The New York Mets have a modest two-game winning streak, but it’s more than they’ve had in a month. The plane ride into the Mile High City to face the Rockies for three games was bound to be a joyous one. Mets fans can honestly hope this is the beginning of the team’s upside this season.
It’s not likely Mets outfielder, Brandon Nimmo, saw or heard about Nick Swisher‘s eternal enthusiasm for the game of baseball and the smile of his face as Swisher pounded one into the upper deck during the Yankees annual Old Timer’s Day ceremonies.
Looking like he was aping Swisher as he rounded the bases following his two-run blast, Nimmo was indeed the kid playing a kid’s game, his smile as broad as ever as he pounded some enthusiasm into a dying Mets team. And no, it’s not an aping and Nimmo’s smiles are genuine every time he dons a major league uniform.
A win is a win, and the Mets will take it as the Diamondbacks aped their version of the recent Mets with two inept plays in the field. The Mets had their version of a bonehead play themselves when Dominic Smith did some crazy awful thing with the ball between his legs leading to a nail-biting finish, but on some days, the Gods be with you. And no doubt, the Mets needed this one.
The struggle to get back to .500 begins tonight in Colorado with eight games to reach that mark. It’s doable if the team can rally themselves with the 25 players they have in the clubhouse, divorce themselves of all the media talk and rumor, and just play ball.
Following the Rockies, who have their own assortment of trouble in the NL West, the Blue and Orange come home to face the Dodgers, a hot team of late, before the schedule cools down with the very beatable Pirates, Marlins, and interleague play against Toronto and Tampa Bay.
Jacob deGrom (5-2, 1.51) opens the series against the Rockies tonight, and usually, that would be a good portend of the Mets to win their third straight. Inexplicably though, the Mets are 5-9 in games deGrom has started, meaning they are 1-9 when he does not get a decision.
It’s not exactly a mystery as to how this has happened, though. The Mets are dead last in runs scored in the National League in June with a total of 25. Even the next to the worst team, the Nationals, have doubled that total.
But when we laid out a blueprint the other day to restore the Mets to respectability, one of the things I talked about is the need for Mickey Callaway to manage as though the team will never score a run. Play like the team did yesterday capitalizing on the D’Backs mistakes, take the home run when you get it, but don’t look or plan for it.
The Mets only need to score more runs than the other team does (duh!). Jose Reyes laid down that bunt yesterday, and he caught a break when the catcher fielded it instead of letting it roll foul. The beginning of the team’s rally – a bunt.
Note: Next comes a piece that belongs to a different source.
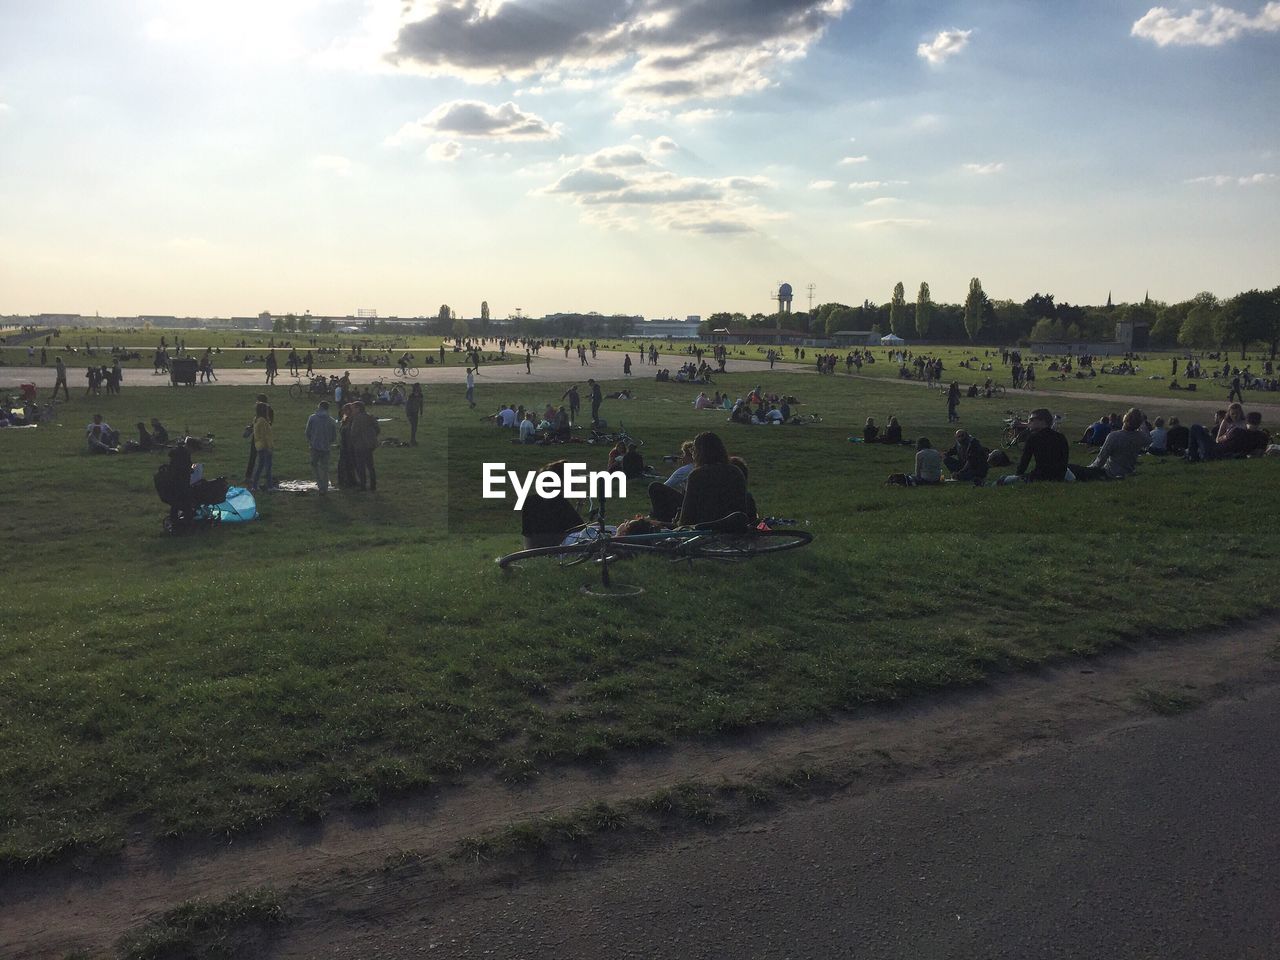 PEOPLE ON GRASSY FIELD AGAINST CLOUDY SKY
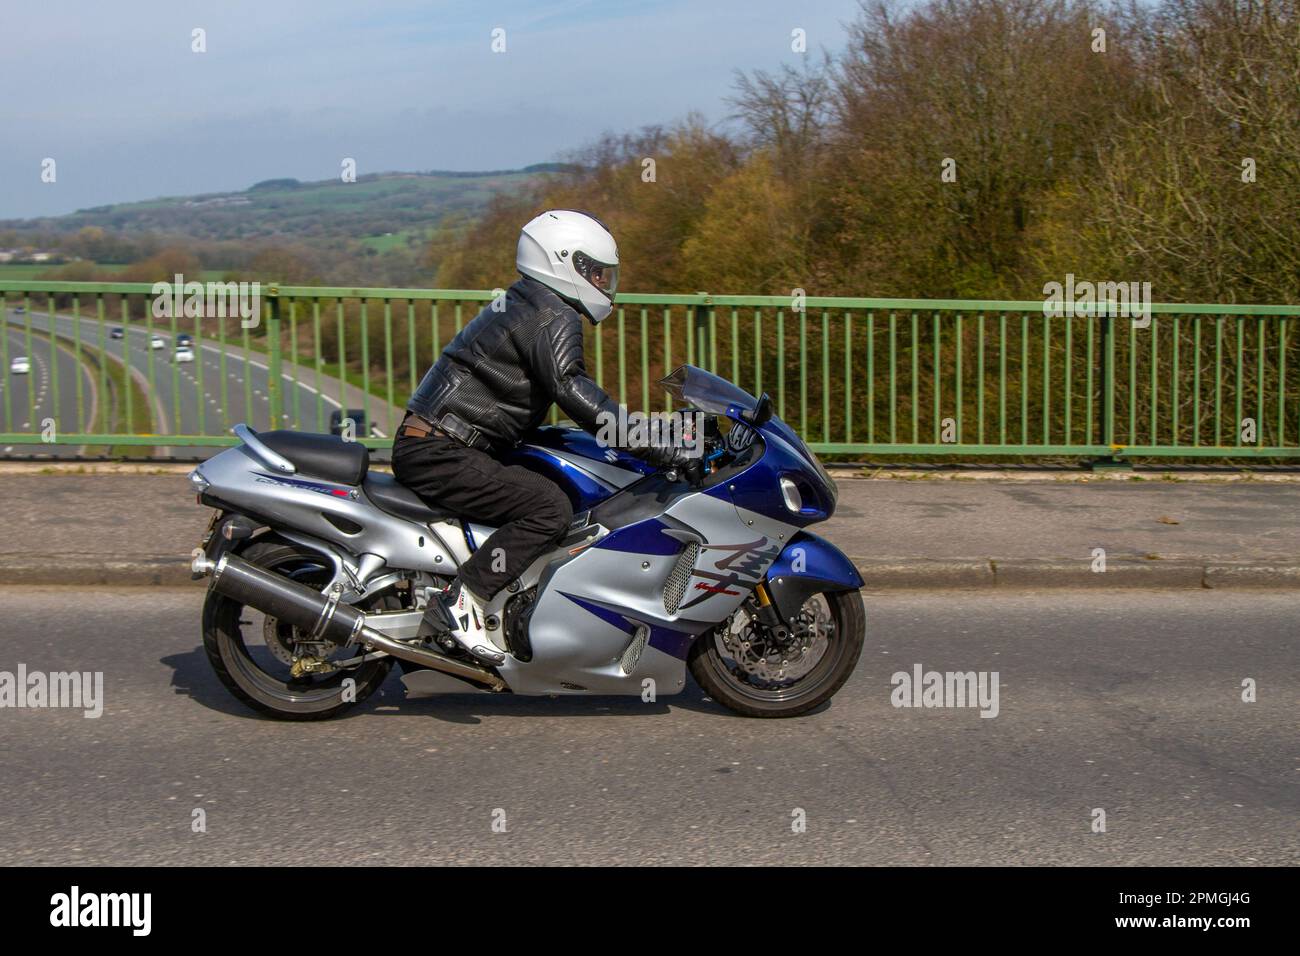 2005 SUZUKI Gsx 1300 RS inline Four Blue motorcycle Supersports 1299cc Petrol; crossing M61 motorway bridge in Greater Manchester, UK Stock Photo

Changes are still needed, and it’s time for Callaway to sit Jay Bruce down for a couple of days with instructions not to go near a bat. No hitting under the stands looking for that lost magical touch, no watching video, just sit alongside me in the dugout and let’s enjoy the game as it’s played together. You don’t send your child into the streets to see if he can beat the oncoming cars in a foot race.
In the same way, Michael Conforto looks like he needs a blow as well, despite the home run he hit on Saturday. Only his departure from the Mets should be in Double-A Binghamton and not in the sweltering heat of Las Vegas, and it should be for an extended number of games. Juggle the lineup any which way Callaway has to, but get it done and behind the team
The Mets season may be lost given the presence of the Braves, Nationals, and Phillies ahead of them. But that doesn’t mean the Mets need to be lost. These next 15-20 games before the All-Star break can be useful and valuable to a team setting the wrong kind of MLB records (the fastest descent from 10 games over to 10 games under .500 ever).
Rocky Mountain high. Let’s see it happen.
And one more thing. Let’s make sure that whatever happens in the next few weeks occurs without Yoenis Cespedes. Hopefully, that needs no further explanation.